By analyzing existing cross correlation between Royce Small Cap Value and Paradigm Value Fund, you can compare the effects of market volatilities on Royce Small-cap and Paradigm Value and check how they will diversify away market risk if combined in the same portfolio for a given time horizon. You can also utilize pair trading strategies of matching a long position in Royce Small-cap with a short position of Paradigm Value. Check out your portfolio center. Please also check ongoing floating volatility patterns of Royce Small-cap and Paradigm Value.

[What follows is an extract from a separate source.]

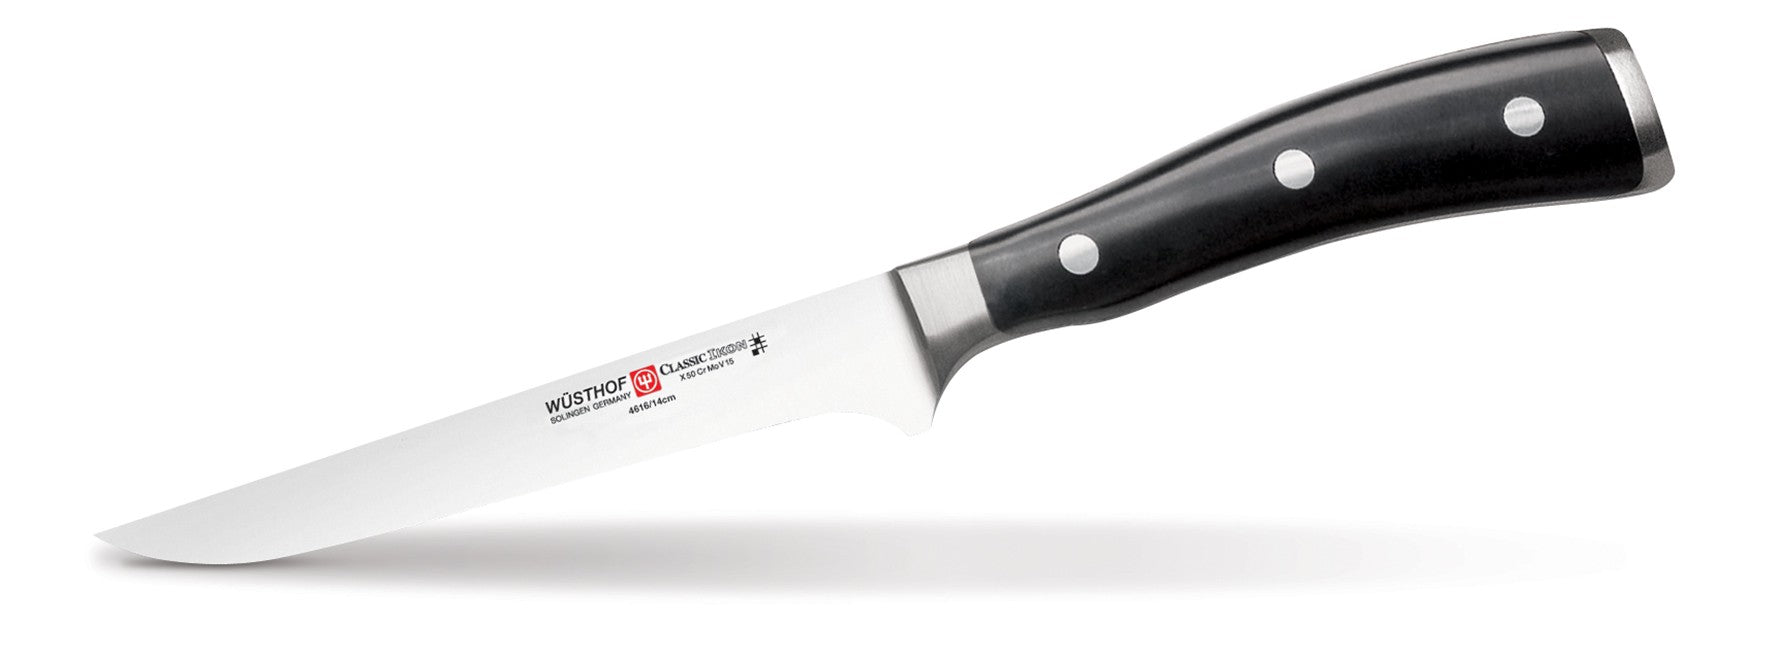 Wusthof Classic Ikon 5 Inch Boning Knife

Diversification Opportunities for Royce Small-cap and Paradigm Value

0.98
  Correlation Coefficient

Almost no diversification

The 3 months correlation between Royce and Paradigm is 0.98. Overlapping area represents the amount of risk that can be diversified away by holding Royce Small Cap Value and Paradigm Value Fund in the same portfolio, assuming nothing else is changed. The correlation between historical prices or returns on Paradigm Value and Royce Small-cap is a relative statistical measure of the degree to which these equity instruments tend to move together. The correlation coefficient measures the extent to which returns on Royce Small Cap Value are associated (or correlated) with Paradigm Value. Values of the correlation coefficient range from -1 to +1, where. The correlation of zero (0) is possible when the price movement of Paradigm Value has no effect on the direction of Royce Small-cap i.e., Royce Small-cap and Paradigm Value go up and down completely randomly.

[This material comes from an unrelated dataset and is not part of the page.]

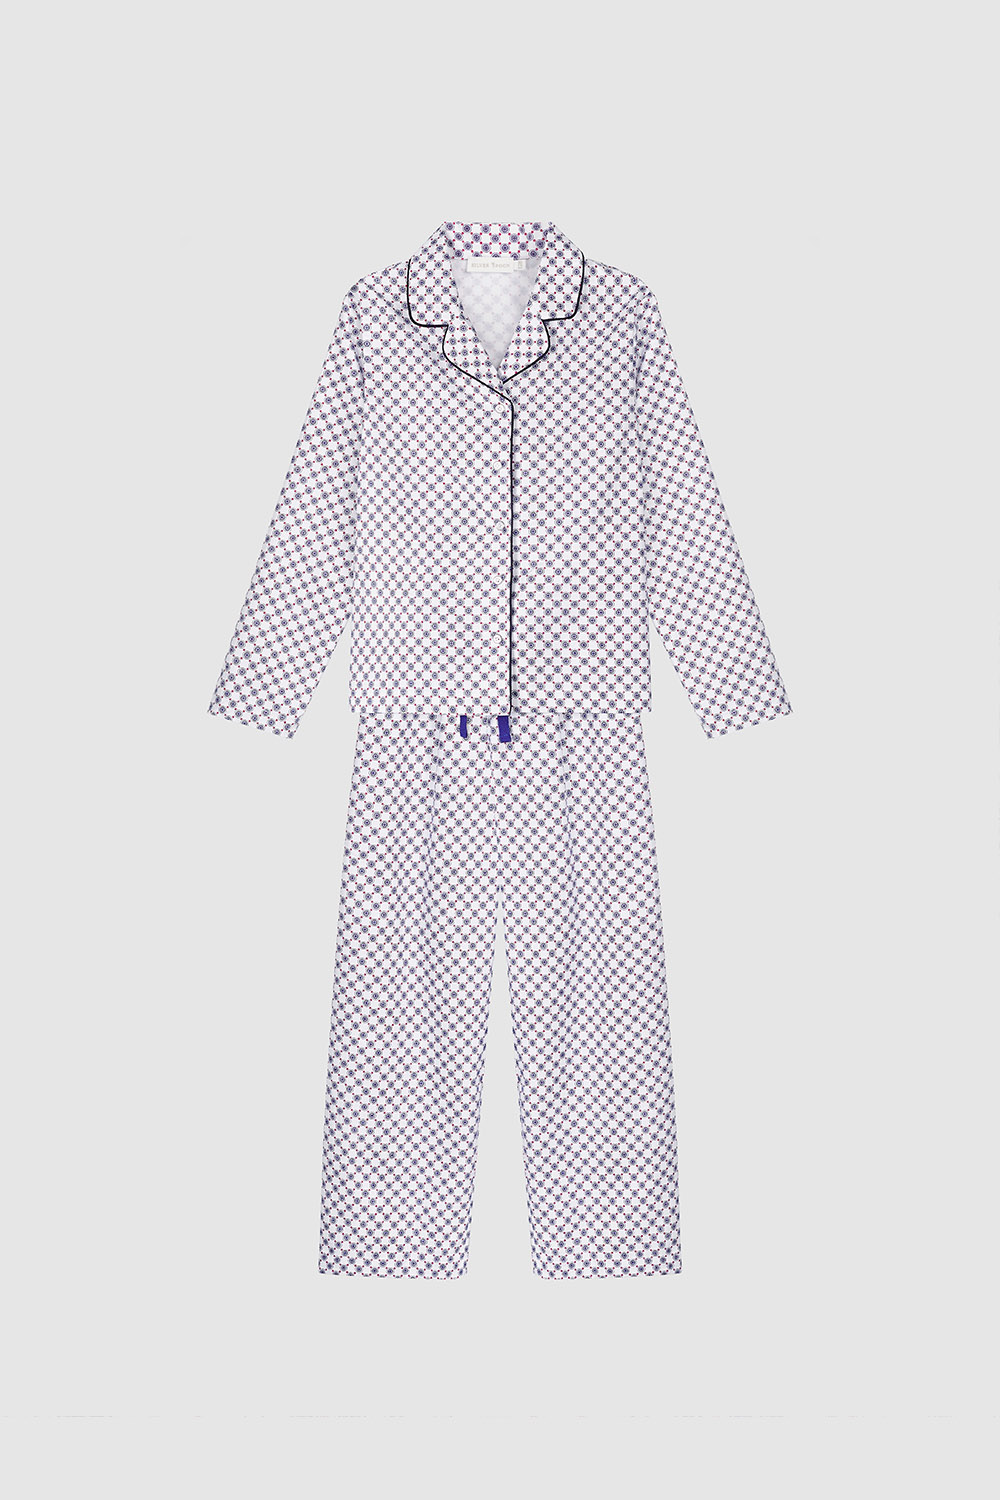 Хлопковая пижама унисекс (SRBSG-329-22307-960) Silver Spoon

Pair Corralation between Royce Small-cap and Paradigm Value

Assuming the 90 days horizon Royce Small Cap Value is expected to generate 1.07 times more return on investment than Paradigm Value. However, Royce Small-cap is 1.07 times more volatile than Paradigm Value Fund. It trades about 0.13 of its potential returns per unit of risk. Paradigm Value Fund is currently generating about 0.13 per unit of risk. If you would invest  1,040  in Royce Small Cap Value on September 4, 2024 and sell it today you would earn a total of  108.00  from holding Royce Small Cap Value or generate 10.38% return on investment over 90 days.
Time Period3 Months [change]
DirectionMoves Together 
StrengthVery Strong
Accuracy100.0%
ValuesDaily Returns

Royce Small Cap Value  vs.  Paradigm Value Fund

 Performance 
       Timeline  
Royce Small Cap 

Risk-Adjusted Performance

10 of 100

 
Weak
 
Strong
OK
Compared to the overall equity markets, risk-adjusted returns on investments in Royce Small Cap Value are ranked lower than 10 (%) of all funds and portfolios of funds over the last 90 days. In spite of fairly weak technical and fundamental indicators, Royce Small-cap may actually be approaching a critical reversion point that can send shares even higher in January 2025.
Paradigm Value 

Risk-Adjusted Performance

10 of 100

 
Weak
 
Strong
OK
Compared to the overall equity markets, risk-adjusted returns on investments in Paradigm Value Fund are ranked lower than 10 (%) of all funds and portfolios of funds over the last 90 days. In spite of fairly weak basic indicators, Paradigm Value may actually be approaching a critical reversion point that can send shares even higher in January 2025.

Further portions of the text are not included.